The farm was bought back in 1928 for £3,300 by his grandfather Joe who, at the time, was working on the railways in Texas.

"He was a good businessman and told the relations at home to give him a call on the transatlantic cable if any farm came up on Valentia Island. When this farm came up, after the previous owner - Scottish vet - died, they got on the blower and he told them to bid at the auction outside the courthouse in Caherciveen. His was the only bid.

"The grandfather was working in the railway business in Houston at the time. Pretty rough I believe and he came back two years later and set up a traditional beef enterprise exporting the beef to the east coast as they say.

"I took the farm over from my father Patrick over 20 years ago and developed the ice cream and yoghurt business in 2006 when I saw how well the continental and American ice creams were going down with the summertime tourists in Kerry. The ice cream unit cost over €200,000, but it has paid for itself."
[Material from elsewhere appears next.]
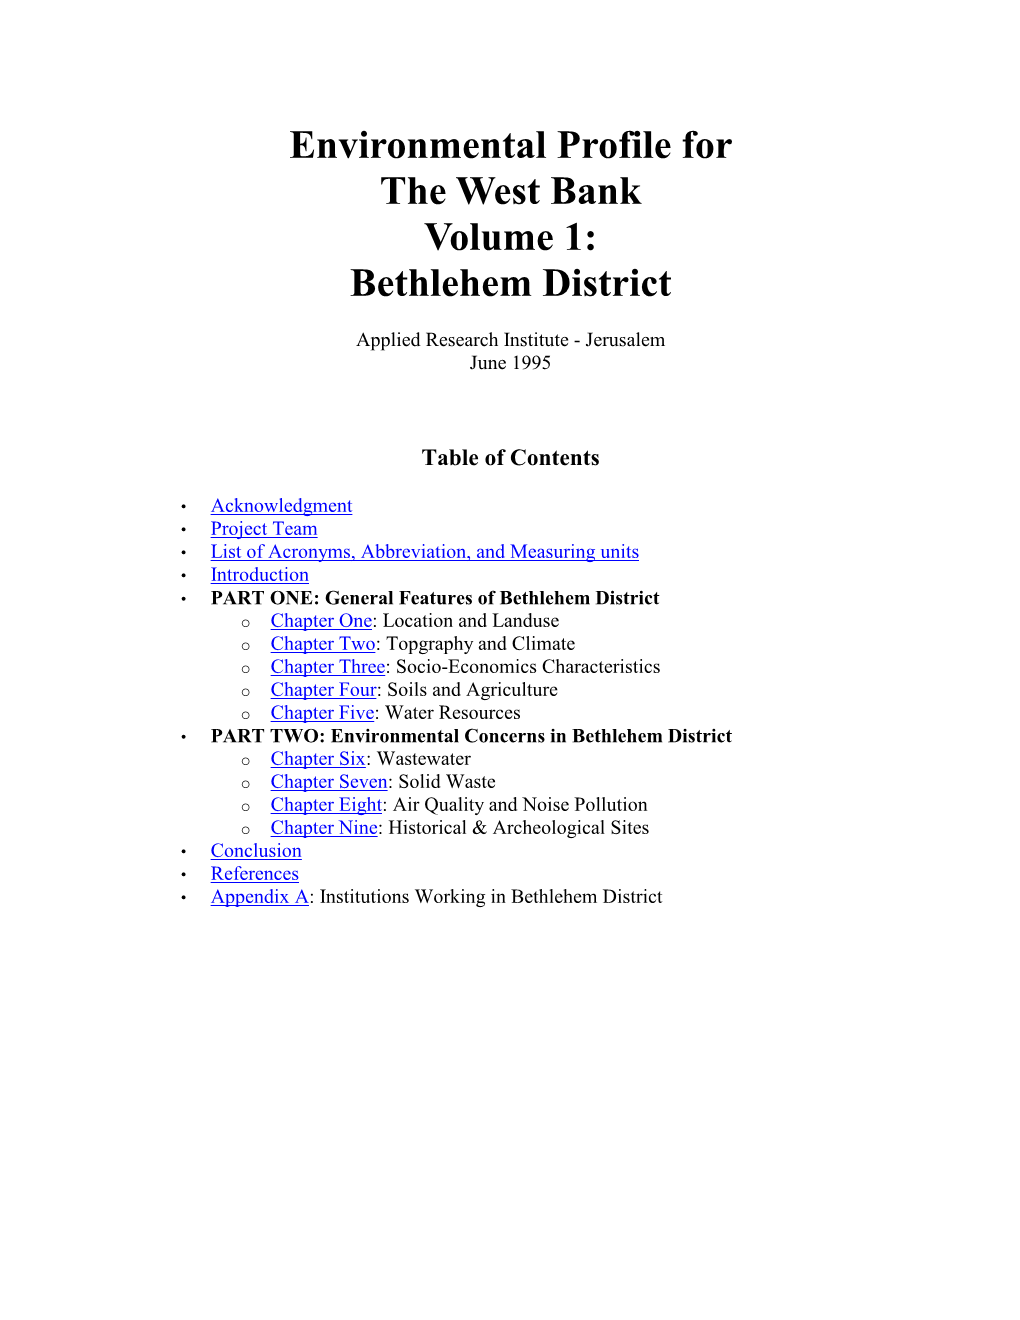 Environmental Profile for the West Bank Volume 1: Bethlehem District

He is thinking of expanding the production unit and increasing the volume of ice cream, yoghurts and possibly new lines of crepes and pancakes, but no final decision has been made.

"To be honest I am more interested in nourishment than punishment at the moment," he says.

Joe is married to Caroline, a vice principal at Domid national school near Waterville, and the couple have three children - Matthew (11), Philip (9) and Euan (7).

One of seven dairy farmers operating on Valentia Island, he says he is comfortable with the current 29c/l litre Kerry is paying for the island's milk. "It could be more but you make a few quid."